Уорхол и без того первым понял, что массовое распространение искусства – неважно, «Моны Лизы» или его собственных работ – не уменьшает их значение. Его искусство воспроизводится, подобно компьютерному вирусу, на кофейных стаканчиках, галстуках и плакатах, причем аура работ при этом не улетучивается, а растет. Одно из важнейших достижений Уорхола, о котором другим художникам остается только мечтать: он навсегда захватил контроль над восприятием своих работ. Наверное, это стало возможным потому, что его работам было глубоко безразлично то воздействие, которое они оказывают на публику, как и предполагал Дон Делилло еще в 1993 году в своей книге «Мао II». Чем сильнее сжимаются вокруг нас бесконечные и бессмысленные визуальные удавки электронных медиа, тем более пророческими нам кажутся бесконечные цепочки Мэрилин, суповых банок и «Джоконд».
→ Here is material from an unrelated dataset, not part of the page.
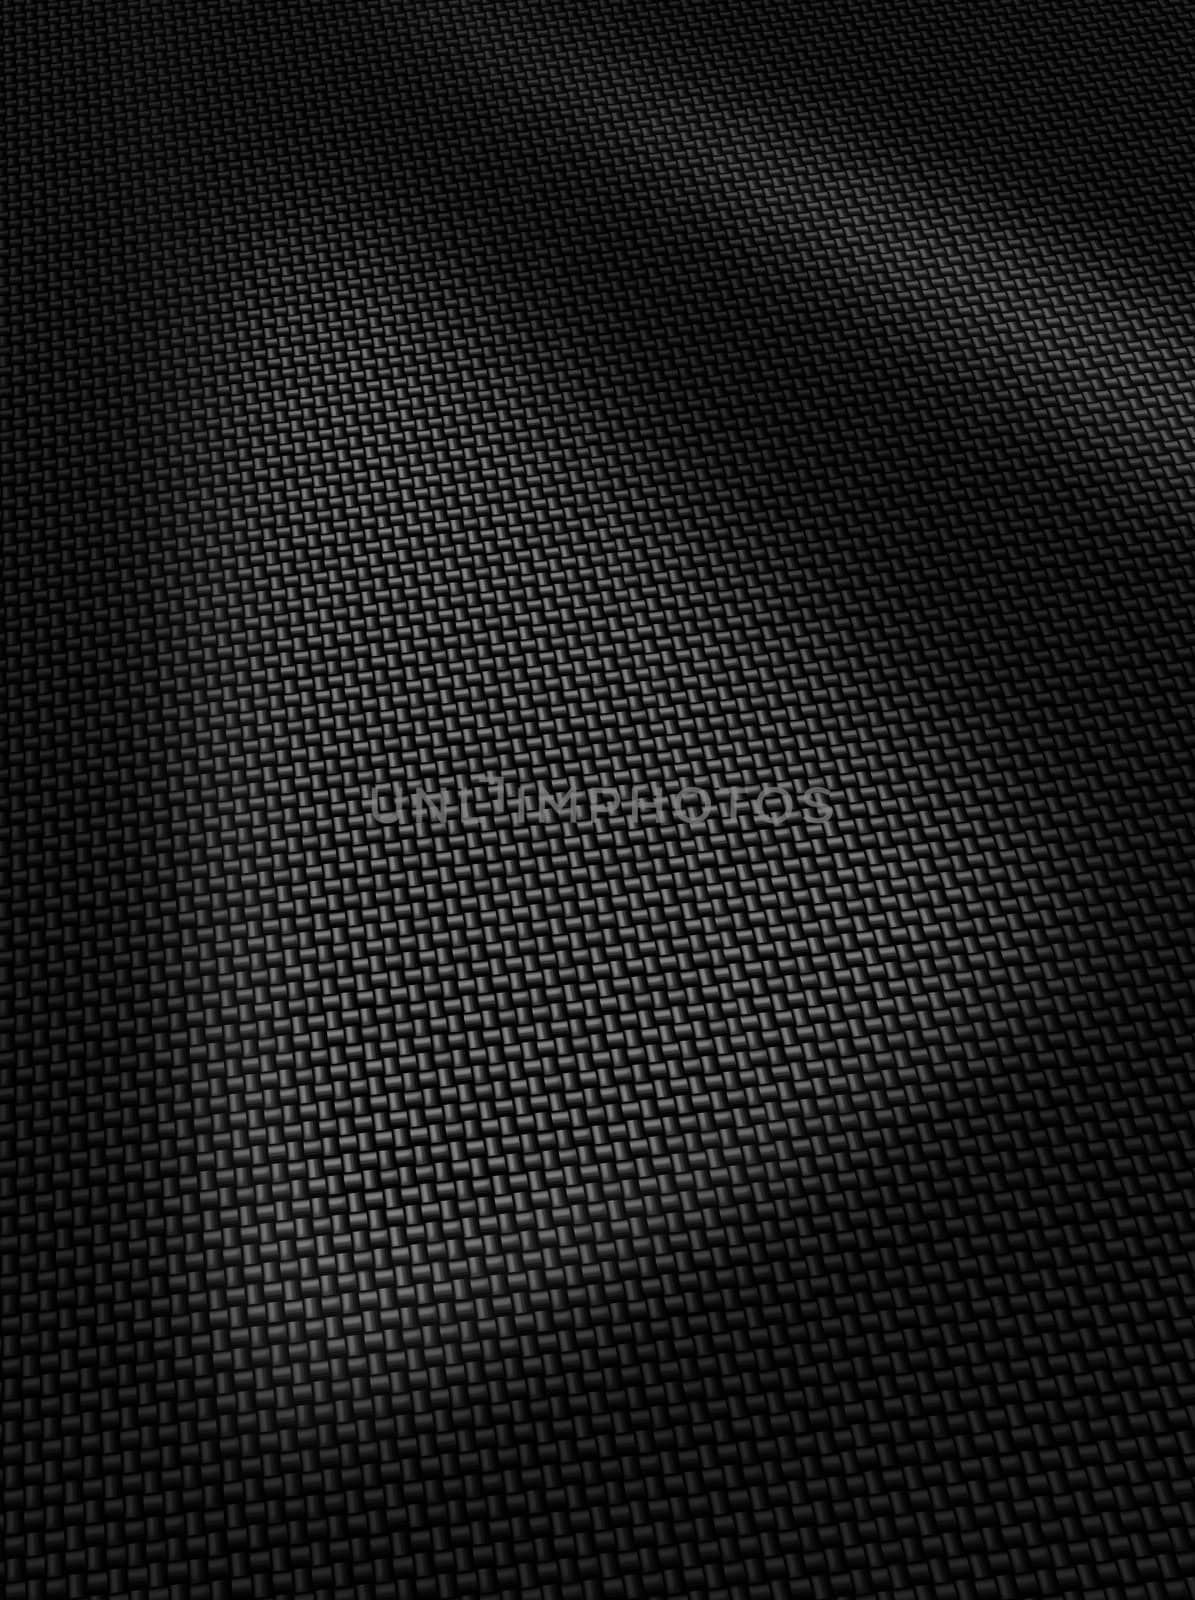 Woven carbon fibre surface texture by anterovium

Это не было революцией – спустя сорок лет после Дюшана нарисовать банку с супом. Но революция была в том, чтобы перенести механизмы производства этого супа на производство картин. Уорхол был прекрасным рисовальщиком, и он похитил краски Матисса для мира потребления. Его серии шелкографий демонстрируют, что Уорхол как художник обладал тонким чувством цвета, ритма и чередования. Но его уникальность заключается прежде всего в том, что во времена очередного культа абстрактных экспрессионистов он объявил повторение условием существования любого произведения искусства. Его творения – неважно, были это десятки «Джоконд», десятки электрических стульев или десятки его собственных ассистентов – доказывают каждым своим цветовым пигментом и каждым волокном, что индивидуальность – всего лишь иллюзия.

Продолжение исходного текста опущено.